**WHAT YOU HAVE TO DO**
Please set down the data again exactly, minus the pictures.
GIVEN MATERIAL START
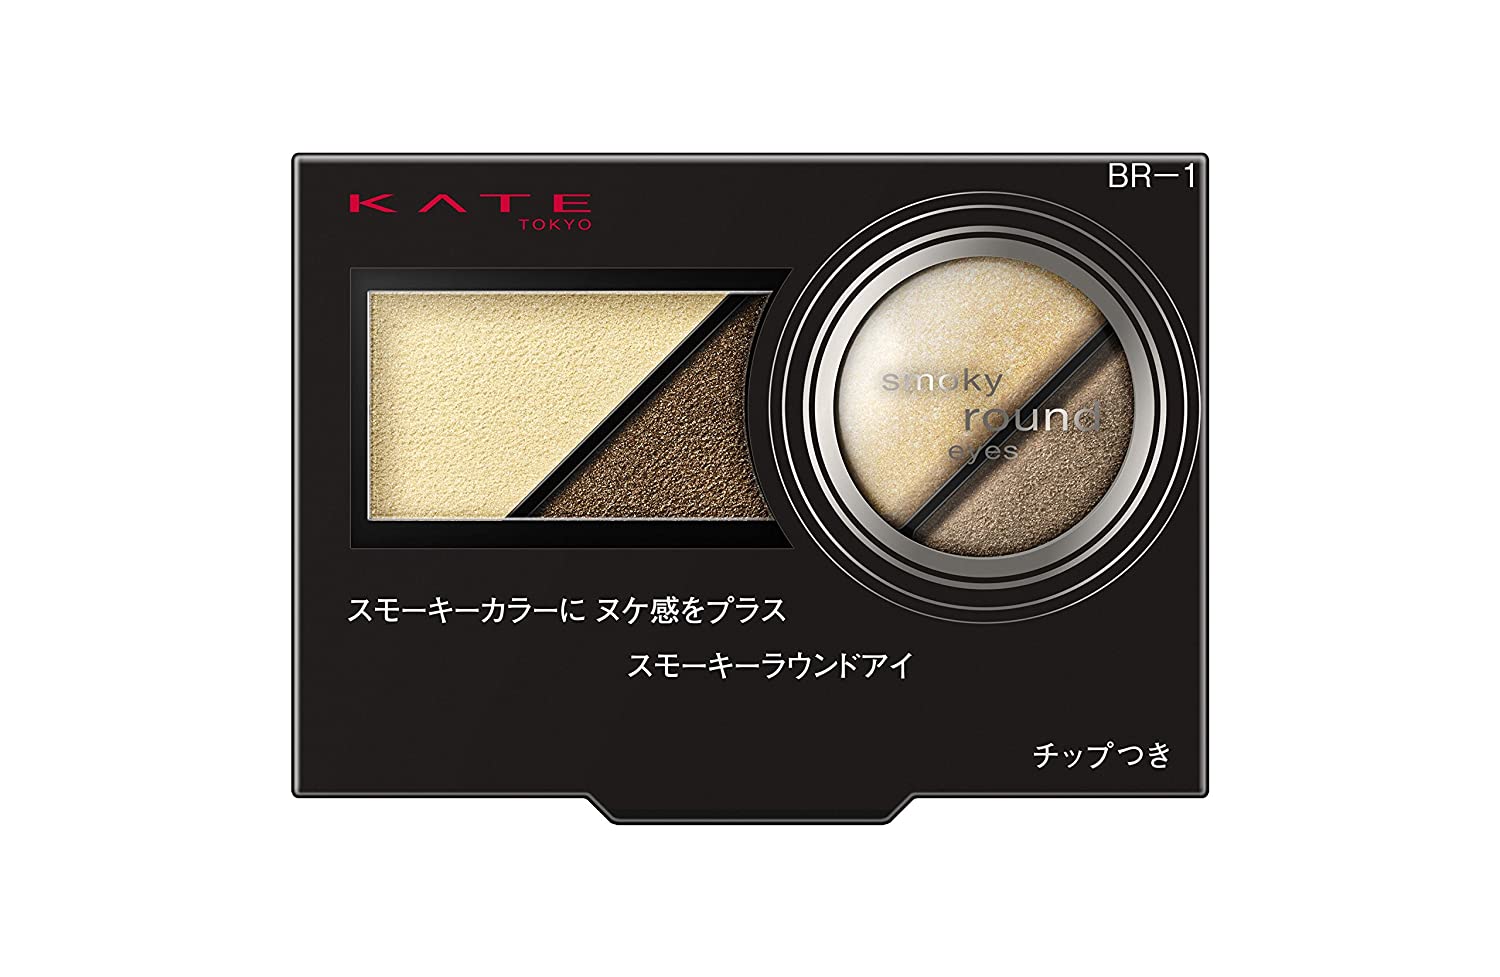 Kanebo KATE Smoky Round Eyes BR-1
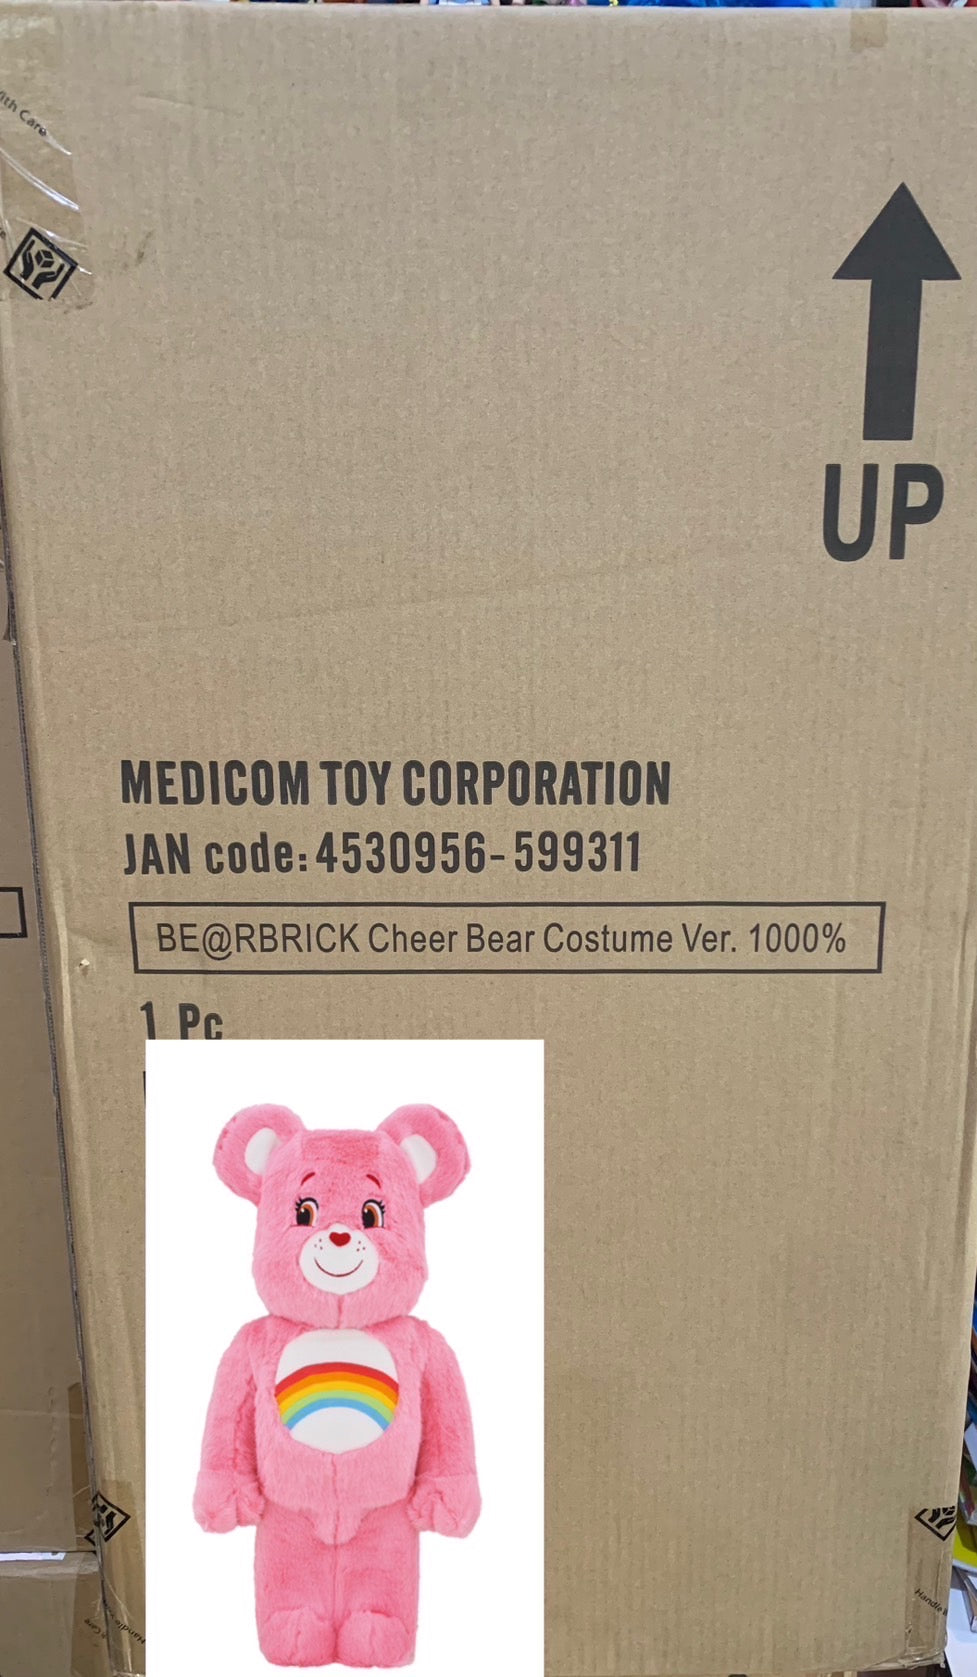 BE@RBRICK cheer bear costume ver.1000% wim-network.org
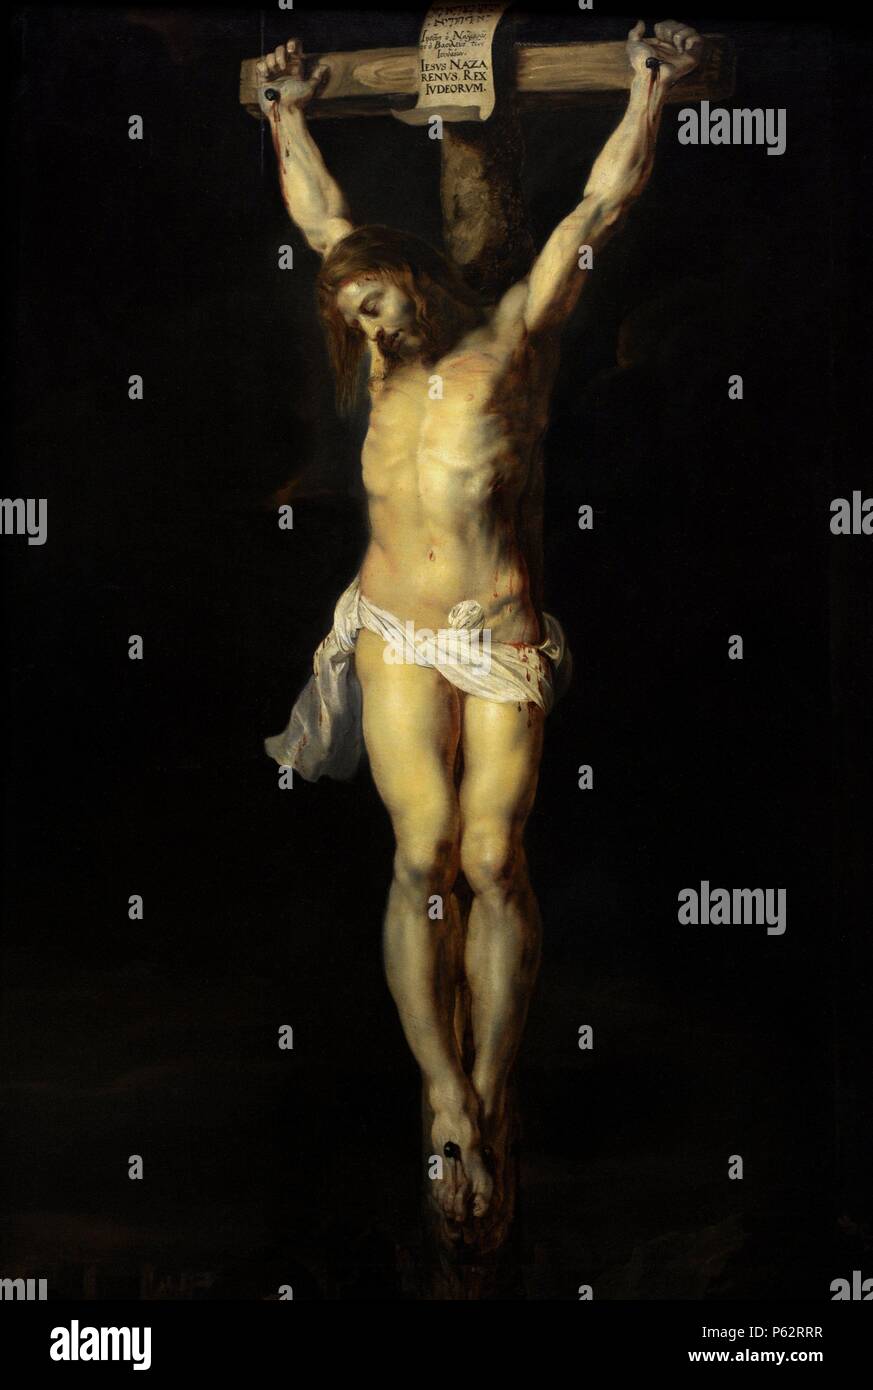 Peter Paul Rubens (1577-1640). Nacida en Alemania, pintor barroco flamenco. La crucifixión,1614. Pinakothek. Detalle. Munich. Alemania. Foto de stock
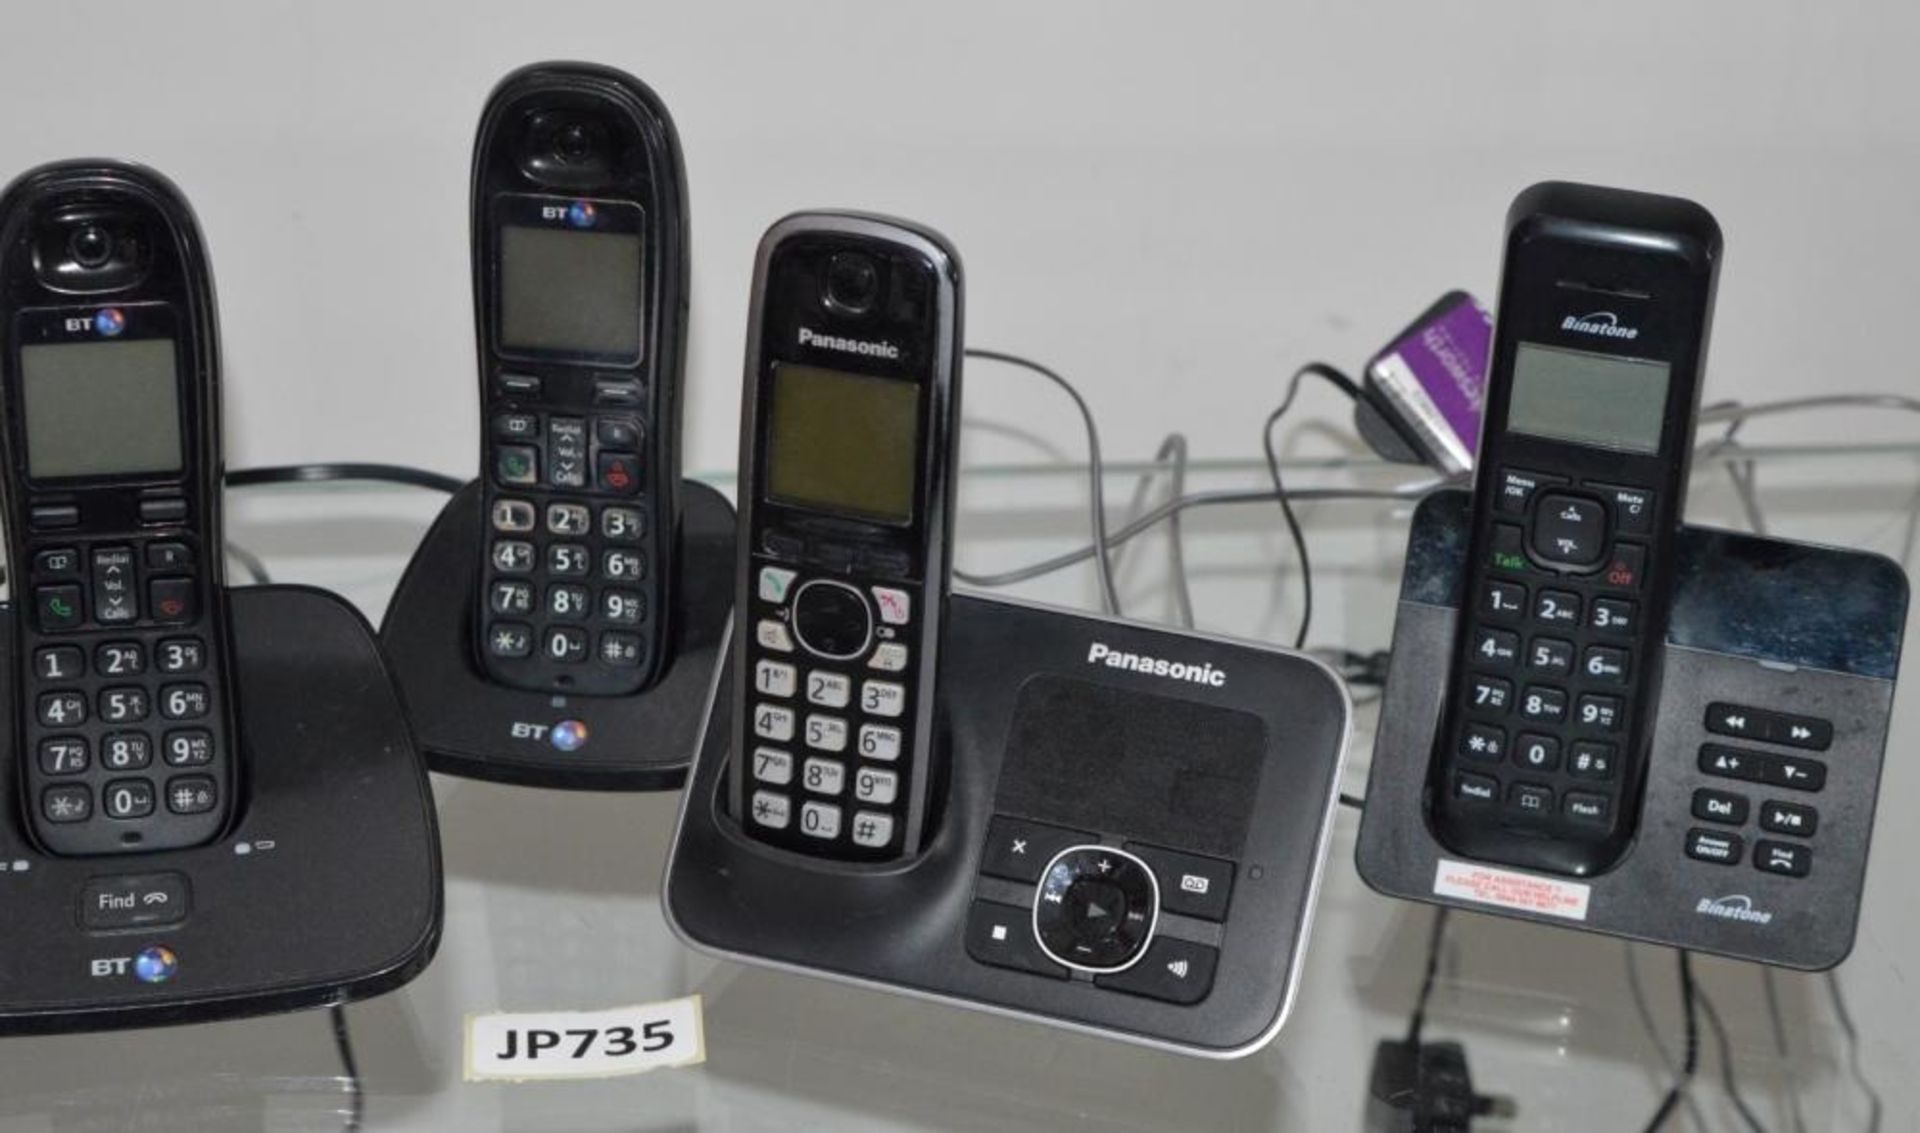 6 x Cordless Phone Handsets - Includes BT, Binatone and Panasonic Models - CL285 - Ref JP735 - Locat - Image 4 of 4
GIVEN MATERIAL END
**EXERCISE RESPONSE**
 Kanebo KATE Smoky Round Eyes BR-1
 BE@RBRICK cheer bear costume ver.1000% wim-network.org
 Peter Paul Rubens (1577-1640). Nacida en Alemania, pintor barroco flamenco. La crucifixión,1614. Pinakothek. Detalle. Munich. Alemania. Foto de stock
 6 x Cordless Phone Handsets - Includes BT, Binatone and Panasonic Models - CL285 - Ref JP735 - Locat - Image 4 of 4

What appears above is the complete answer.